Activity of TALENs with NN versus NK RVDs
We compared the activities of engineered TALENs that specify the nucleotide G with either NN or NK RVDs. Using the Golden Gate assembly method for TALEN engineering , we constructed 15 TALEN pairs that incorporate either NN or separately NK RVDs to specify G. The total number of G's in the corresponding target DNA sequences ranged from 3 to 17, and no bias was imposed as to how the G's were distributed in the target. To test the activity of the TALENs, we used a yeast-based single-strand annealing (SSA) assay in which LacZ activity serves as an indicator of DNA cleavage by TALENs ,. Briefly, the assay employs a target plasmid containing a lacZ reporter gene with an internal sequence duplication disrupted by a TALEN target sequence. Cleavage of the target by the corresponding TALENs results in reconstitution of a functional lacZ gene whose expression is measured by standard LacZ enzymatic assays. TALEN pairs containing NN RVDs showed 14–90% activity of the positive control TALEN pair, SurB, which was slightly more active than the potent zinc-finger nuclease (ZFN), Zif268 (Fig. 1). When NN was exchanged for the NK RVD, nuclease activity was reduced for 14 of 15 TALEN pairs, and for several NK-containing TALENs, no activity was detected. One exception was TALEN pair 248/249, which contained 6 NK RVDs in total (2 in TALEN 248 and 4 in 249). The activities of both NN- and NK-versions of this TALEN pair were comparable. Another exception was 143/144 in which the NK version had slightly higher activity than the NN version.

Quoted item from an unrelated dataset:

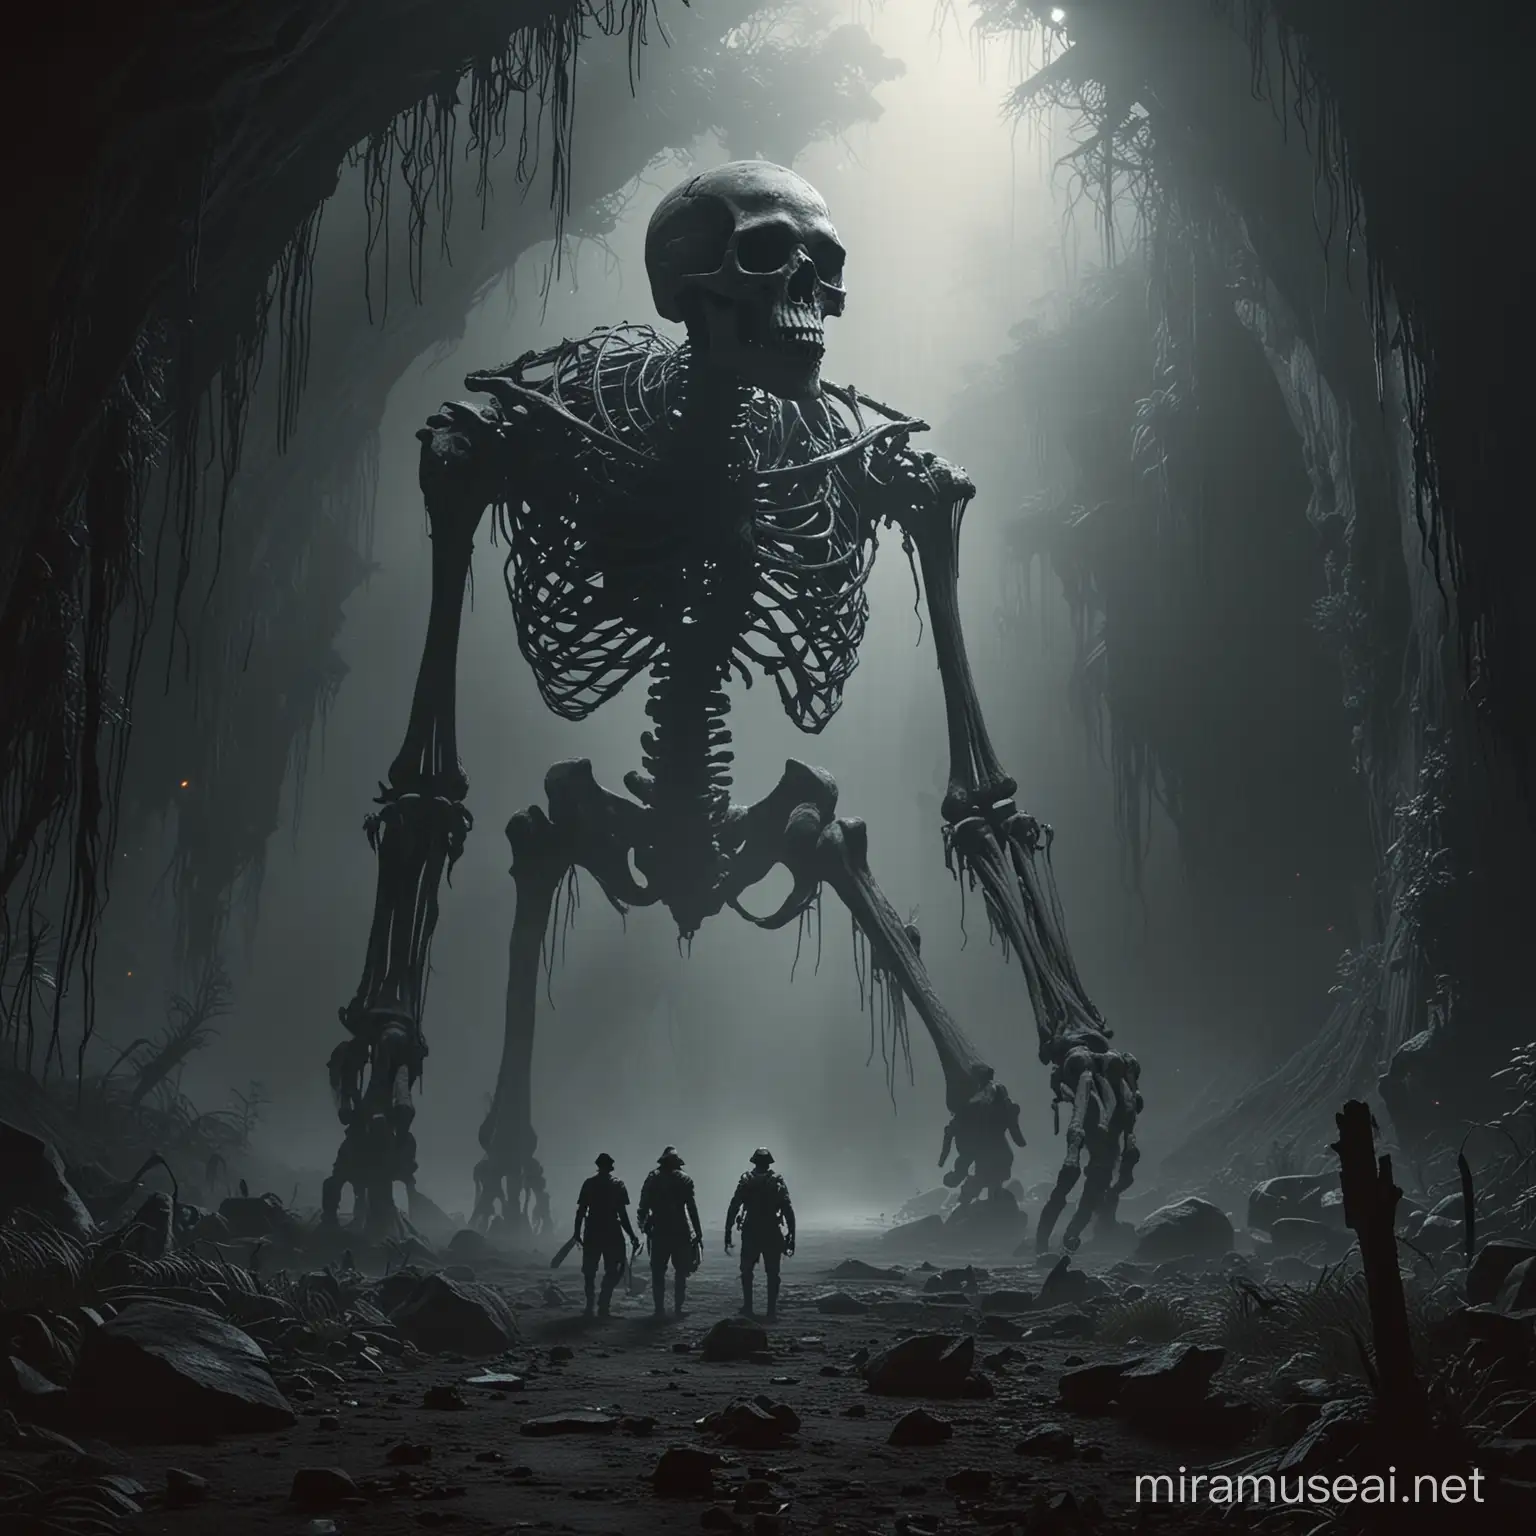 Explorers Discovering Enormous Giant Skeleton in Mysterious Cinematic Scene

Plotted on the right are the relative activities of TALENs with either all NN (dark gray) or NK (light gray) RVDs for specifying G nucleotides. Activities are relative β-galactosidase units as determined in our yeast-based TALEN activity assay . All values are normalized to a TALEN positive control, SurB (black). Also shown for reference is the activity obtained with the well-characterized ZFN, Zif268 (white). Left and right arrays comprising TALEN pairs are numbered (e.g. 166, 167) followed by RVD sequences of the various TALEN DNA binding domains with repeat 1 being nearest to the N-terminus of the protein. NN RVDs that were replaced with NK are in red. The DNA target sequences are shown below the RVDs. Values are expressed as the mean of triplicates with standard deviation (S.D.).

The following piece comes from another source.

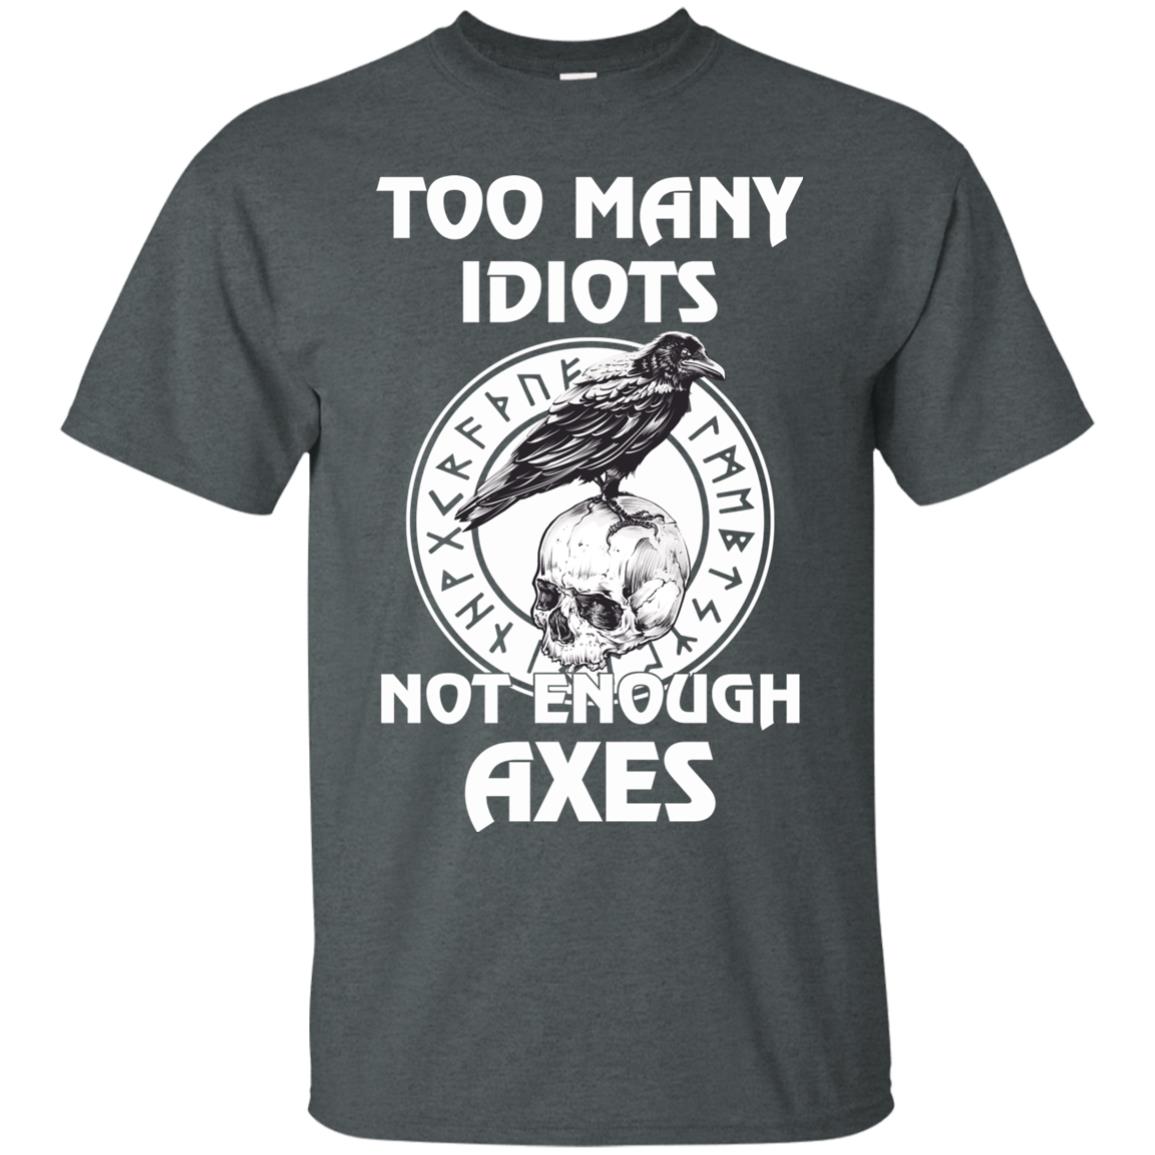 Too many idiots not enough axes t shirt, long sleeve, hoodie ...

We sought to validate the trends observed in yeast by testing several TALEN pairs made with either NN or NK RVDs in human cells. As in yeast, we used a SSA assay in which a luciferase gene is interrupted by an internal sequence duplication and a TALEN recognition site. When the TALEN cleaves the target, the break is repaired, restoring the luciferase open reading frame and thereby allowing for comparison and quantification of TALEN activity. Three target sites were tested, one of which (143/144) was an exception in the yeast assay and showed higher activity for the NK-containing TALEN pair. For all three targets, the activity of TALENs with NN versus NK RVDs recapitulated in human cells what was observed in yeast, although in some cases the magnitude of the difference was considerably less (Fig. 2). For example, with TALEN pair 351/352, the NK version was 30-fold less active in yeast, whereas only 1.6-fold less activity was observed for the NK version in human cells.

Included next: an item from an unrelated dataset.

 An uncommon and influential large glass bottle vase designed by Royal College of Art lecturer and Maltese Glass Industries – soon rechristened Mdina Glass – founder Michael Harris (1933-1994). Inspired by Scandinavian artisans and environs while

Three TALENs with either all NN (dark gray) or NK (light gray) RVDs were tested in a single-strand annealing (SSA) assay in HEK293 cells. Fold activation levels were determined by normalizing the levels of luciferase activity mediated by TALEN conversion of the SSA luciferase target to the basal level of luciferase exhibited by the SSA plasmid alone. Each treatment group contained a transfection/toxicity control consisting of the Renilla luciferase plasmid. Values are expressed as the mean of quadruplicates with S.D.
TAL effector arrays containing NK RVDs have lower affinities for DNA targets
To understand the basis for the lower activity of NK-containing TALENs in vivo, we performed a series of electrophoretic mobility shift assays (EMSAs) using purified TAL effectors 166, 167, and 312, which contain 3, 4, or 5 NN or NK RVDs, respectively. Each NN- or NK-containing array was expressed as a GST fusion protein, purified from E. coli, and used to perform EMSAs with cognate targets or a scrambled substrate. All NN-containing arrays bound their target significantly better than the scrambled substrate. For TAL effector 166, both the NN- and NK-containing proteins bound target substrates with similar affinities, as evidenced by the shift of the target probe in the presence of increasing concentration of protein (Fig. 3A). TAL effector 312NN, which contains five NN/NK repeats, showed the most dramatic difference between binding affinities when compared to TAL effector 312NK. A shift of the target probe can be seen for TAL effector 312NN at 40 nM of protein, while there is a lack of visible shift at the highest concentration (250 nM) of TAL effector 312NK. Notably, TAL effector 166NN and 312NN also bound the scrambled substrate with greater affinity than the NK versions. TAL effector 167NN bound its target substrate with higher affinity than the NK-containing array.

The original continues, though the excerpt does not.